**SOURCE RECORDS**
Content starts

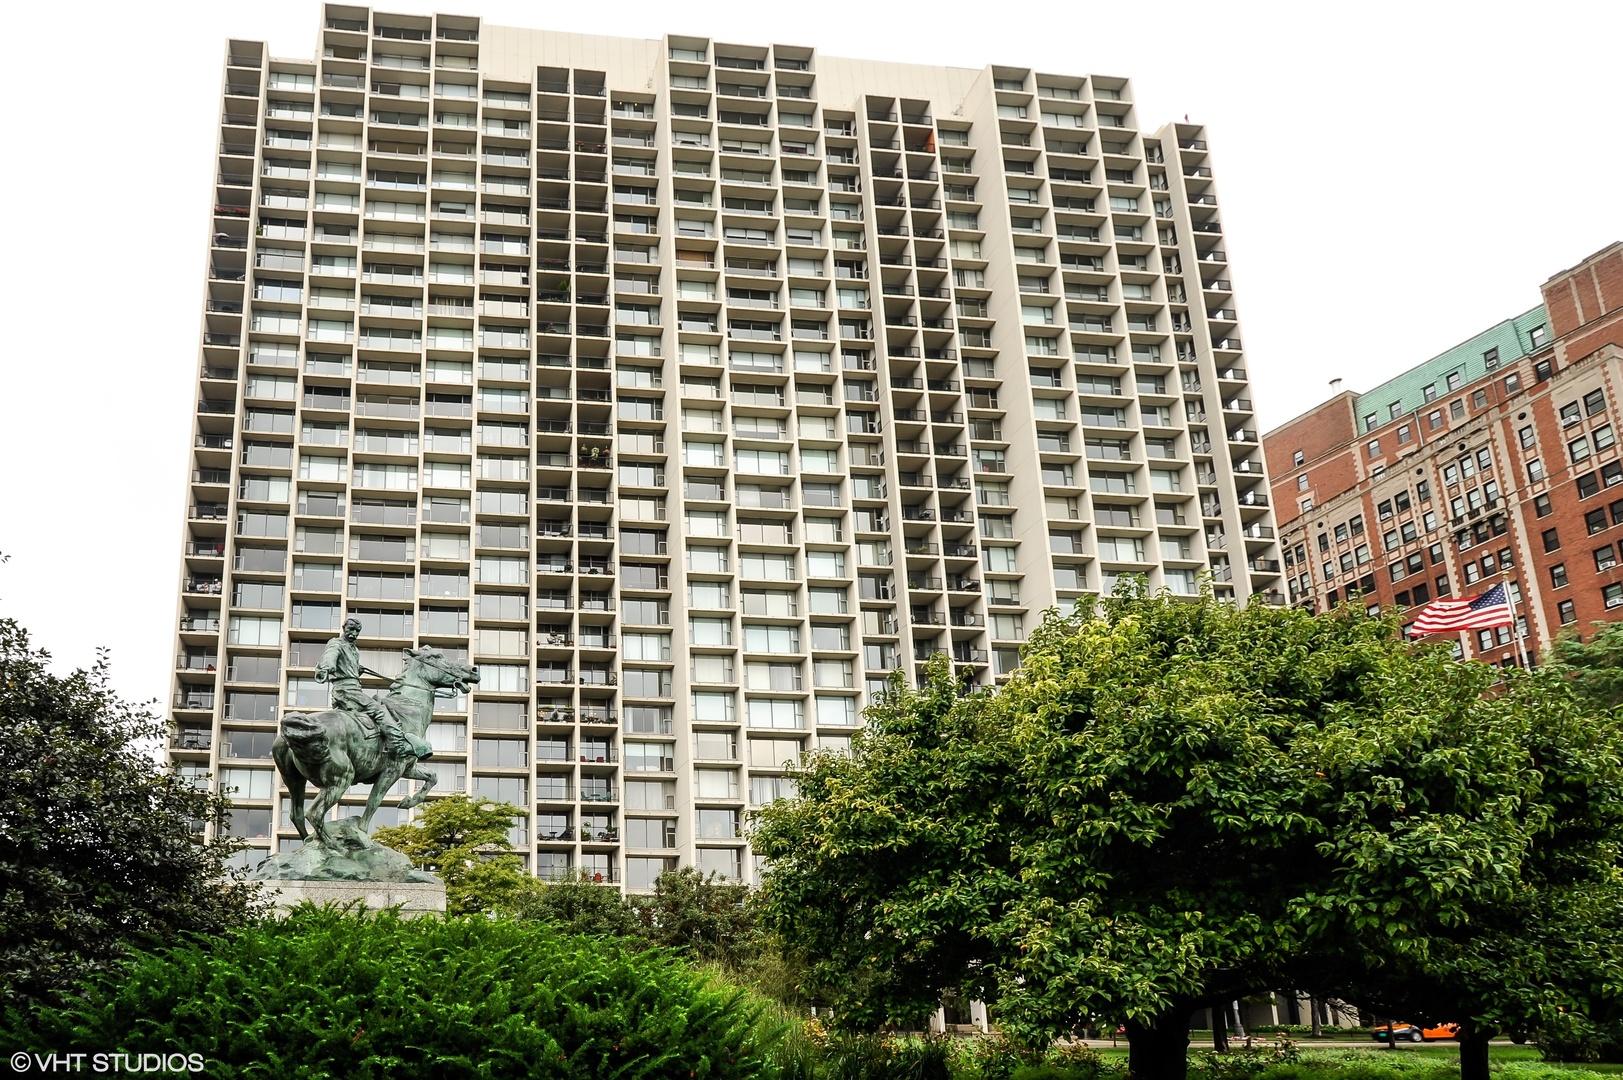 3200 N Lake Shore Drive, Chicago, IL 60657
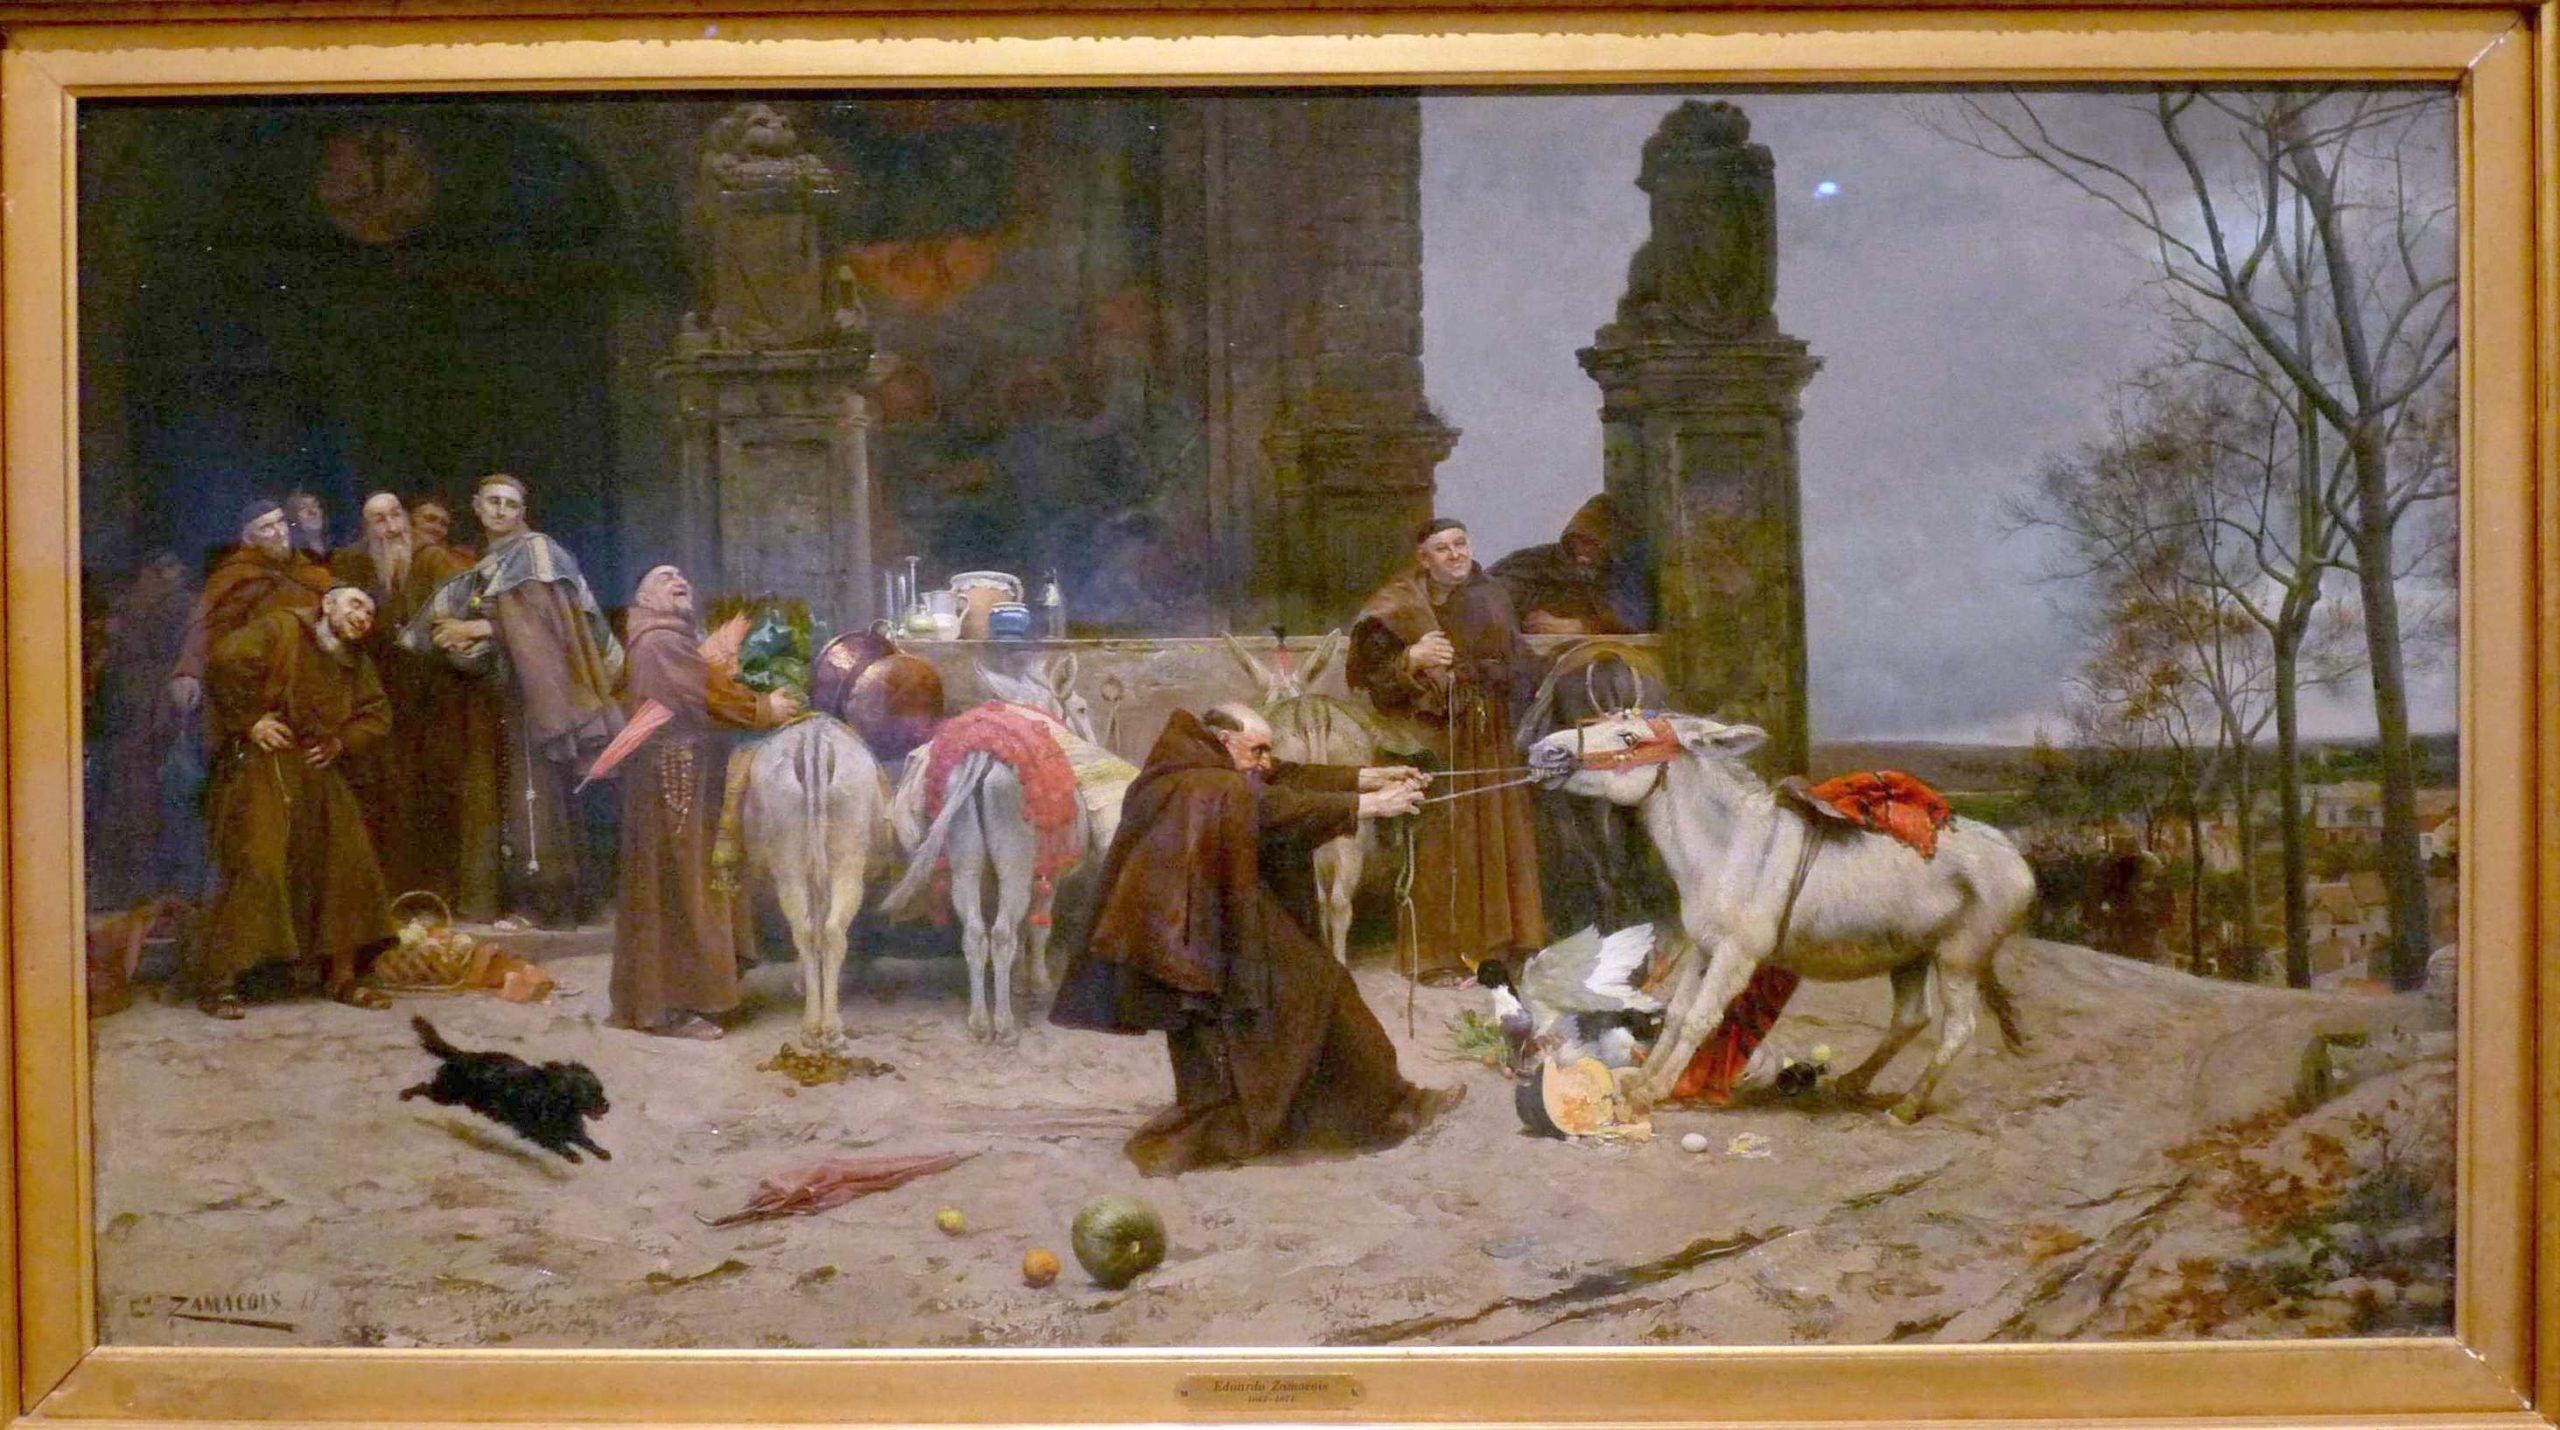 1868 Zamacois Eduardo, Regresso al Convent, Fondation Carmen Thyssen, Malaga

Content ends
Content starts

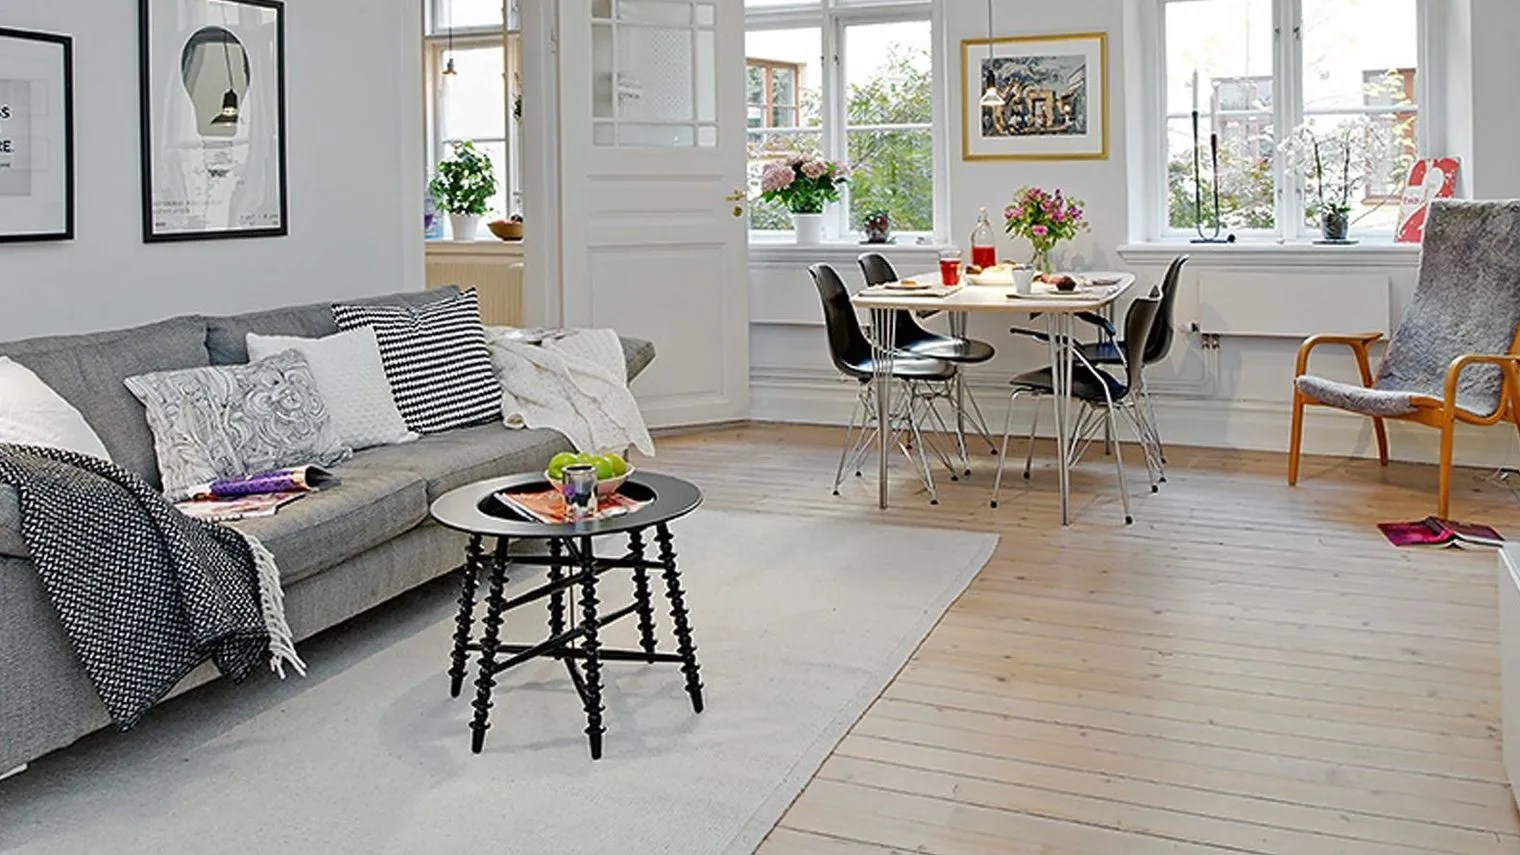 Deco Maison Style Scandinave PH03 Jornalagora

Content ends

**AIM OF THE EXERCISE**
Above are records with pictures. Reproduce exactly only the lines from the line with "3200 N Lake Shore Drive, Chicago, IL 60657" through the line with "1868 Zamacois Eduardo, Regresso", both ends included, and leave the pictures out.

**ANSWER BOX**
 3200 N Lake Shore Drive, Chicago, IL 60657
 1868 Zamacois Eduardo, Regresso al Convent, Fondation Carmen Thyssen, Malaga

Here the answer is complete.